Um elogio aqui ou ali sobre a aparência de Miller não é surpreendente, mas o padrão mais amplo conta uma história diferente. Quer seja uma jogadora como Paige Bueckers sendo alvo de edições sexualizadas do TikTok ou perseguido on-lineou uma jornalista como Taylor Rooks sendo memorizada como se seu relacionamento com os jogadores da NBA existisse apenas porque eles a acham atraente, a mensagem é clara. A estas mulheres é negado o crédito pelo seu próprio mérito profissional e o seu sucesso é, em vez disso, reembalado como um desempenho para consumo masculino.
A misoginia, a misoginia e a objetificação desperdiçam o tempo das mulheres. Em vez de poderem prosperar, organizações como a NCAA, a WNBA e a NWSL são frustradas por narrativas generalizadas que questionam a legitimidade das mulheres. Os comentários on-line de homens que insistem que as mulheres não devem defender salários mais elevados porque as suas ligas são alegadamente menos lucrativas ou divertidas exemplificam esta obstrução. As mulheres ficam então presas num ciclo de constante negociação, explicação e auto-validação. Eles devem demonstrar repetidamente a sua competência, em vez de simplesmente fazer o seu trabalho.
Esta distração não é acidental; é intencional. Reforça uma narrativa que mina e diminui o lugar legítimo das mulheres no desporto, atrasando o reconhecimento de que são plenamente capazes de desempenhar as suas funções. A misoginia, em todas as suas formas, não é apenas um fardo pessoal; é uma estrutura sistémica concebida para travar o progresso, diluir o poder e manter as mulheres a defender a sua própria existência, em vez de lhes permitir avançar com base no mérito do seu trabalho.
Rooks abordou esta dinâmica em um podcast recente com Lou Williams e Spank Horton. Ela foi forçada a afirmar que, apesar da atenção sexualizada que recebe, a sua aparência não influenciou o seu trabalho – uma declaração motivada por repetidas sugestões de que ela consegue as “melhores entrevistas” com jogadores da NBA devido ao seu “belo privilégio”.
Rooks revidou. “Minimizar a habilidade, as capacidades ou o talento de alguém ao ponto de que talvez pareçam bons para você é um péssimo serviço a todo o trabalho que eles realizaram”, disse Rooks. “E pensar que tudo o que é preciso para estar neste espaço é ser atraente também é incrivelmente desrespeitoso.”

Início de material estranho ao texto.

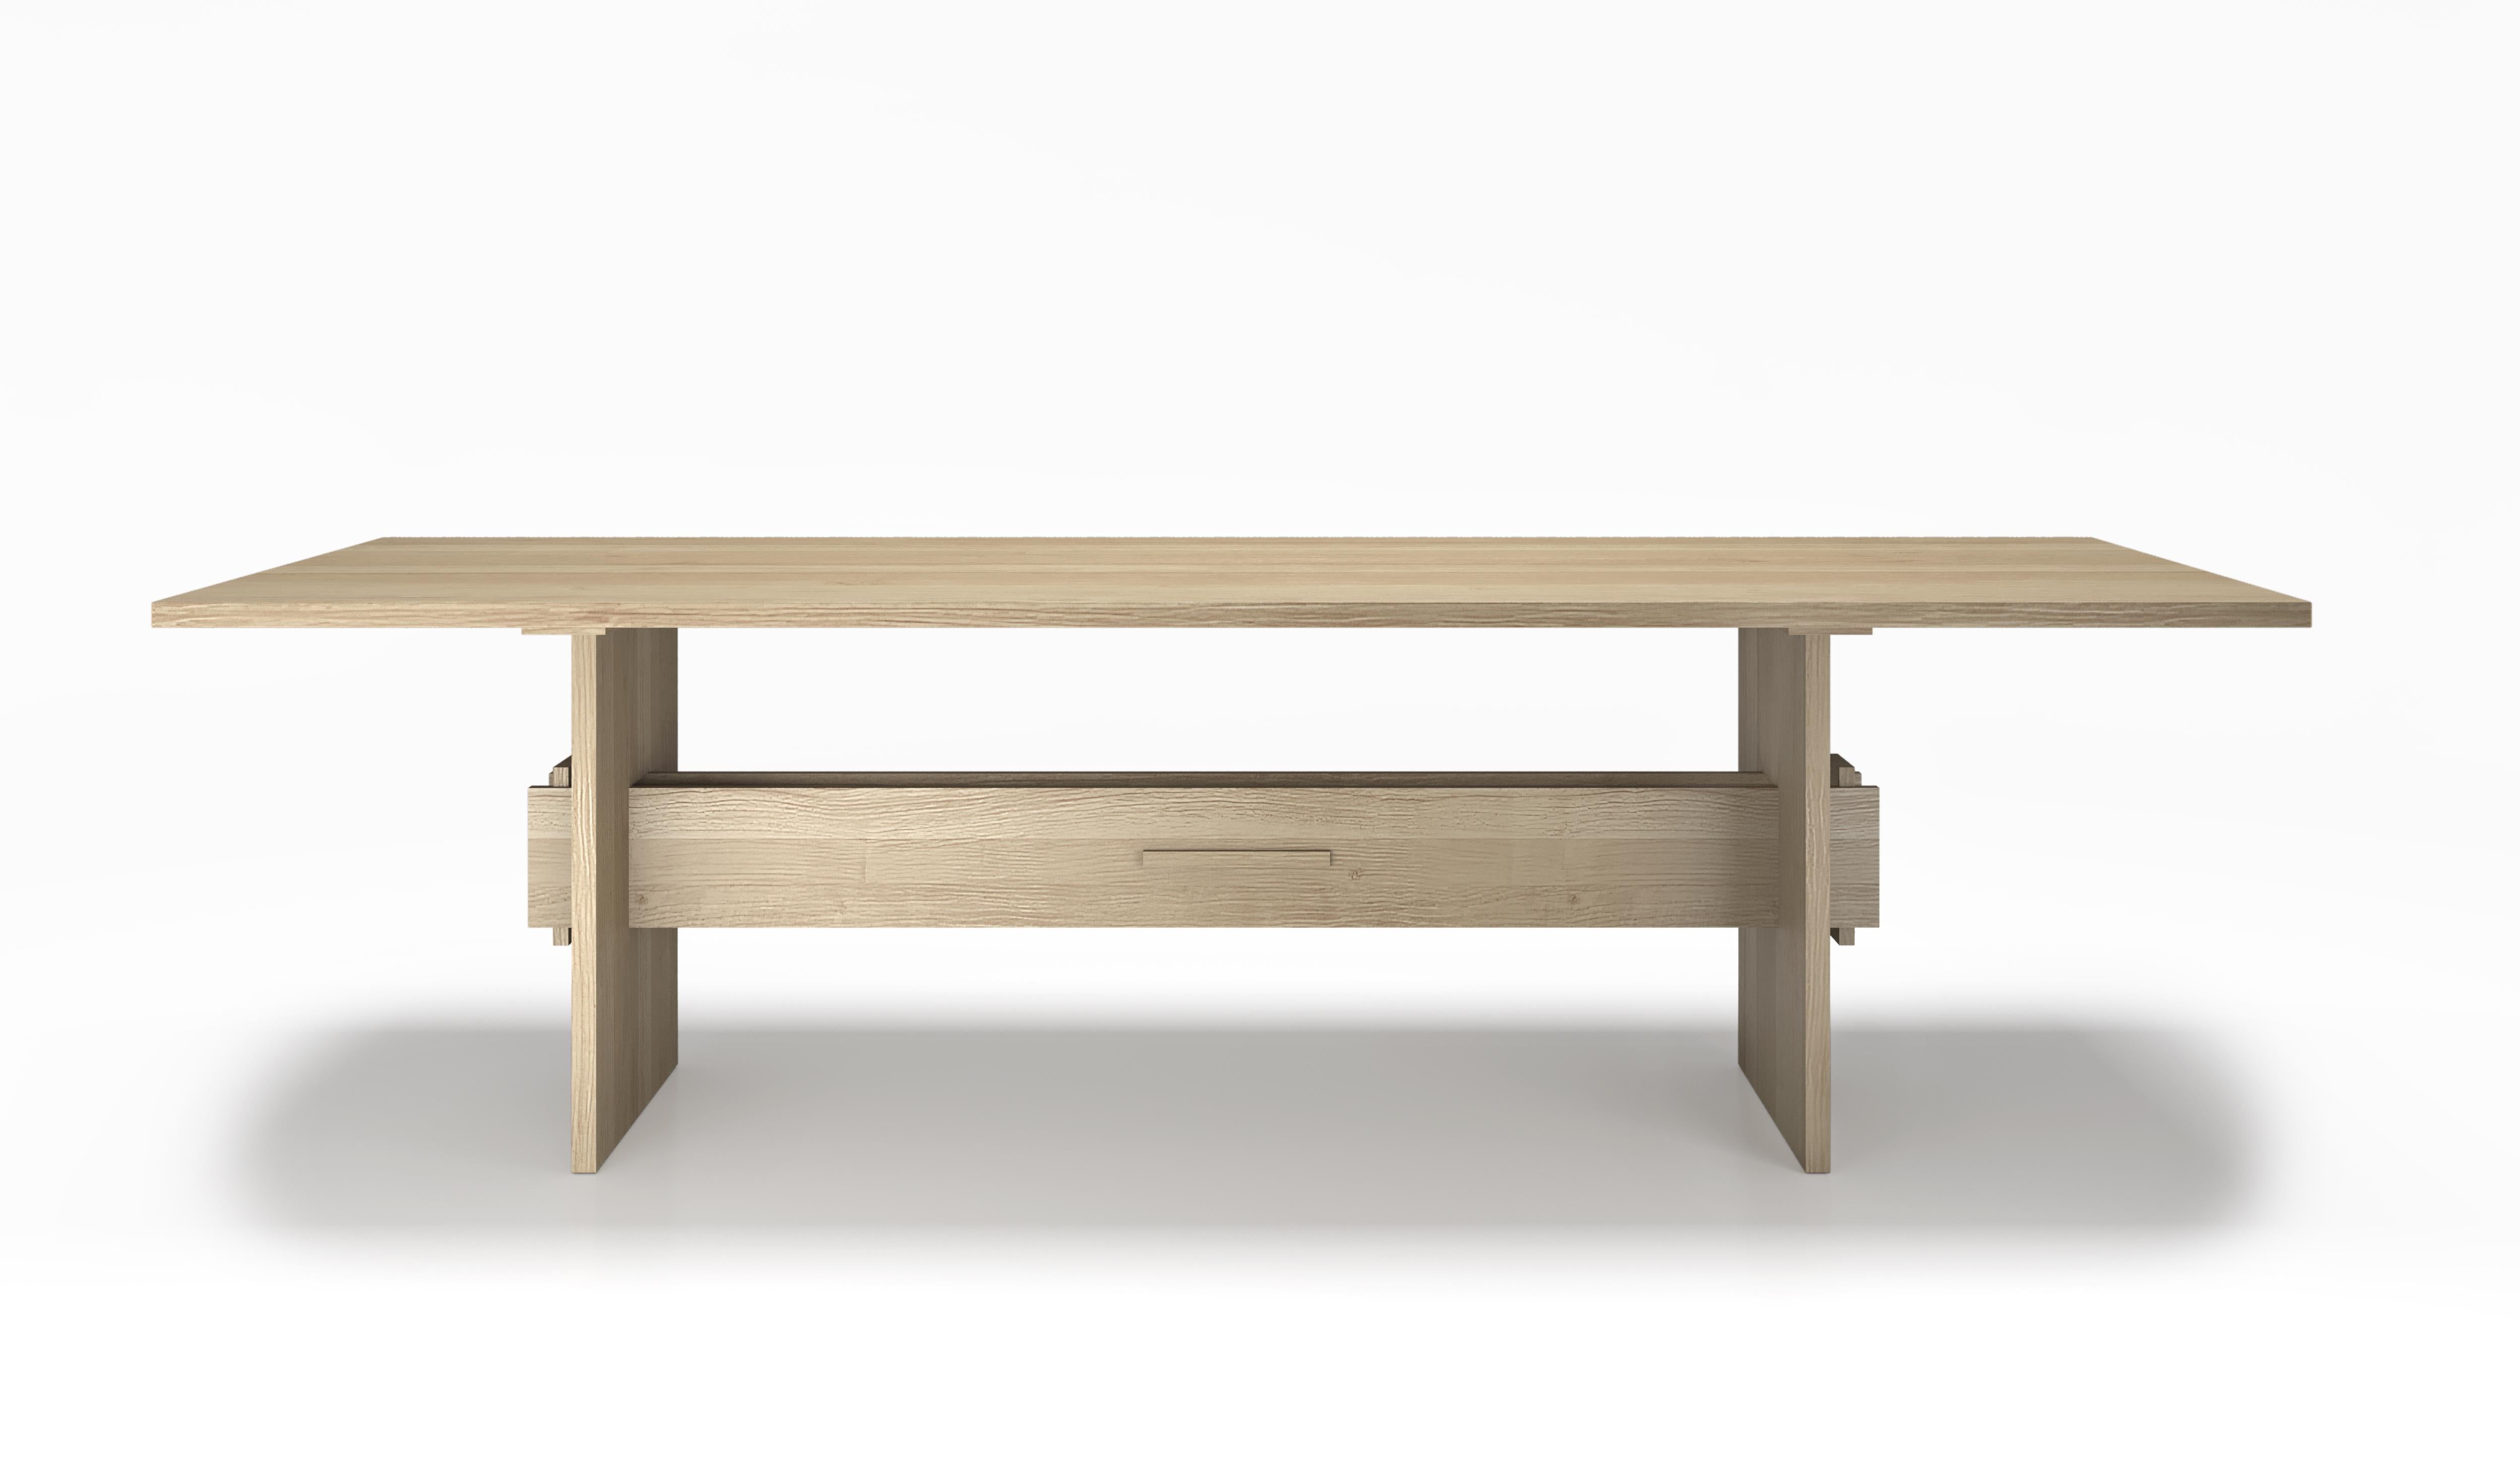 Scandinavian Wooden Table 'Jeppe Utzon #2' by Jeppe Utzon x DK3 In New Condition For Sale In Paris, FR

Rooks foi indicada ao Emmy, apresentou cobertura nacional da NFL e trabalhou como apresentadora de estúdio no Amazon Prime, conquistas que ela construiu em uma carreira que começou quando ela tinha 18 anos. Quinze anos depois, ela ainda luta contra a suposição de que sua aparência ditou seu sucesso, forçando-a a defender sua legitimidade.
“O que eu sempre digo a mim mesma é: as pessoas acham que sou tão boa no trabalho, você tem que pensar que estou trapaceando – tipo, ah, ela só consegue fazer isso porque é bonita”, disse ela no podcast.
A luta de Rooks com a legitimidade é uma que Miller também deve enfrentar. Embora seções da Web tenham debatido sua aparência, ela guiou um programa anteriormente derrotado de volta ao torneio da NCAA – uma conquista que merece a mesma energia viral que o mundo deu à sua aparência. E, no entanto, a cobertura desse feito não está se tornando tão viral quanto os vídeos que a cobiçaram e diminuíram sua habilidade.